- [What to produce]: Give back exactly the lines of the entries below from the line with "Gutbrod Leaf blower, Blower" to the line with "Saturday, July 22, 2023: Garden", inclusive, and only those.

- [Data records]:
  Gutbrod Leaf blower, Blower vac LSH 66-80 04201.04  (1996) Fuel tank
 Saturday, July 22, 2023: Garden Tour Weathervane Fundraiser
---
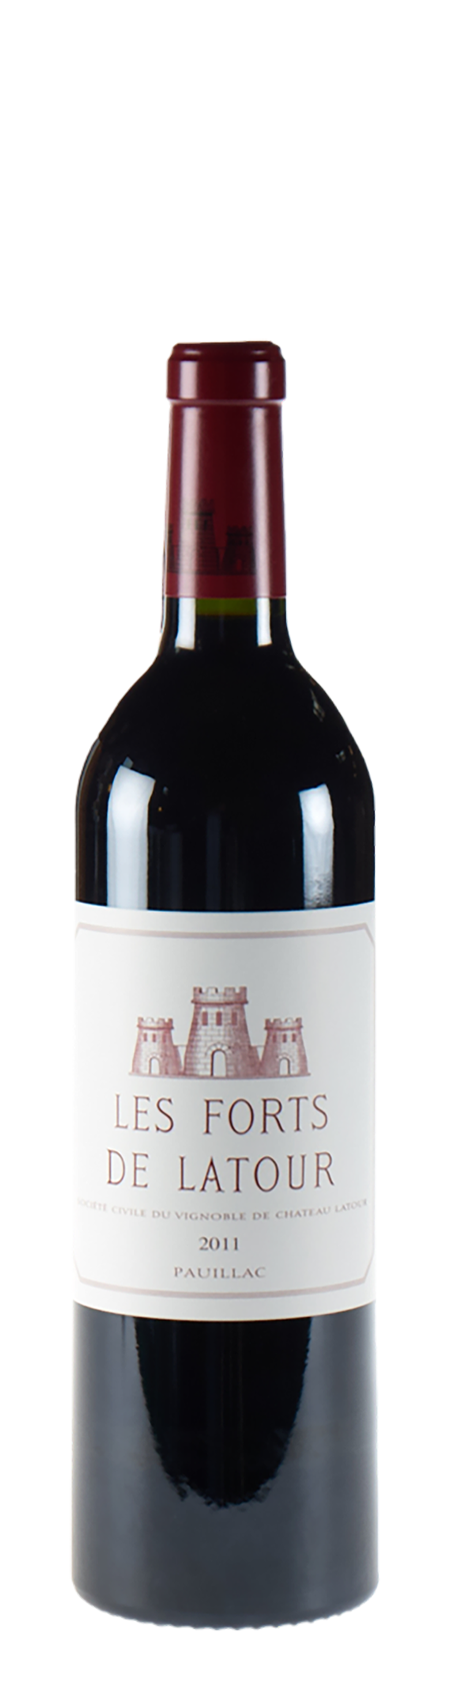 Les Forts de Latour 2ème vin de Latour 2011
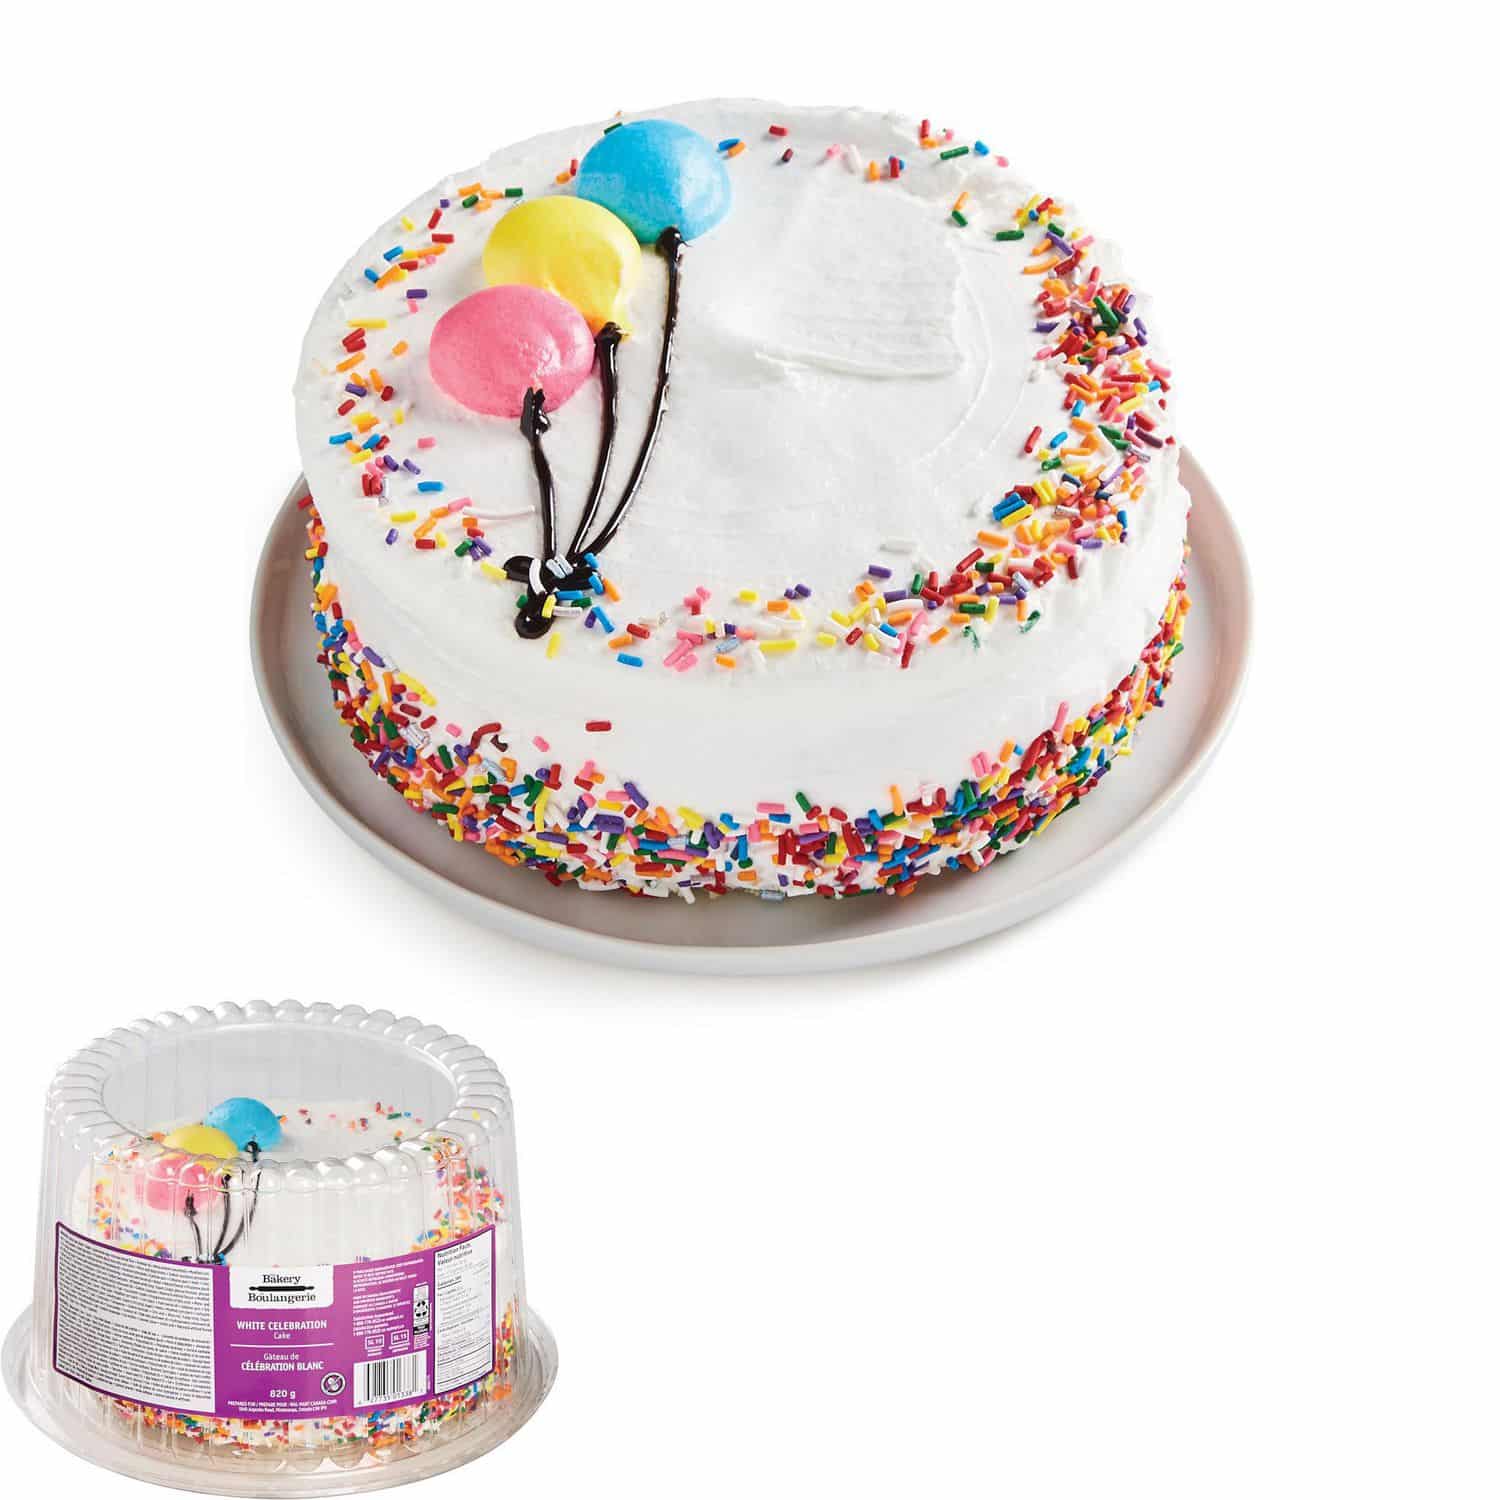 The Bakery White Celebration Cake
* * *
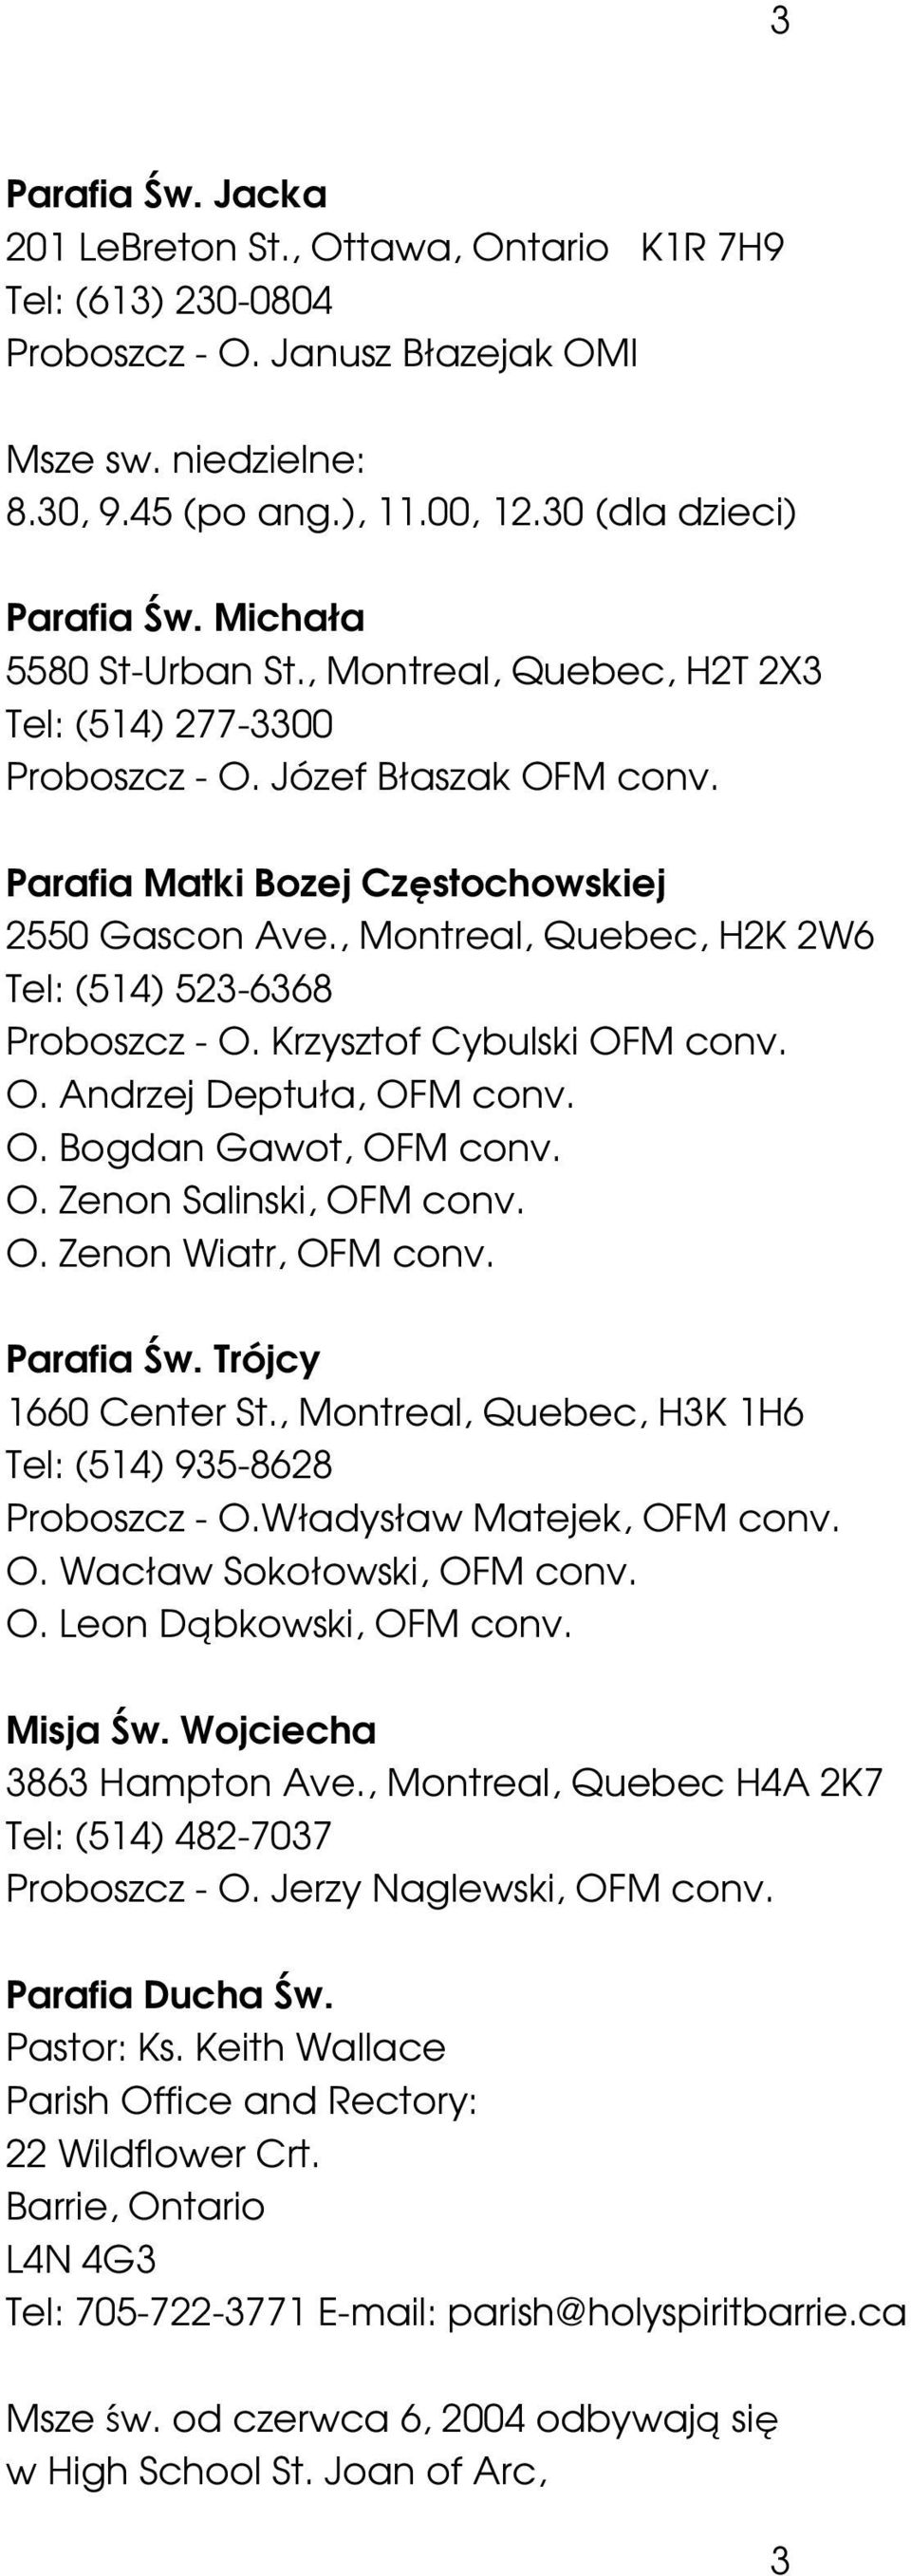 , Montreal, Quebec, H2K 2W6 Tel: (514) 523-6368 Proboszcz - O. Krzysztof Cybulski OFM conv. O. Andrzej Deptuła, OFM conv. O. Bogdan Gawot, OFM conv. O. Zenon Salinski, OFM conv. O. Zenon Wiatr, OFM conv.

- [Exercise solution]:
  Gutbrod Leaf blower, Blower vac LSH 66-80 04201.04  (1996) Fuel tank
 Saturday, July 22, 2023: Garden Tour Weathervane Fundraiser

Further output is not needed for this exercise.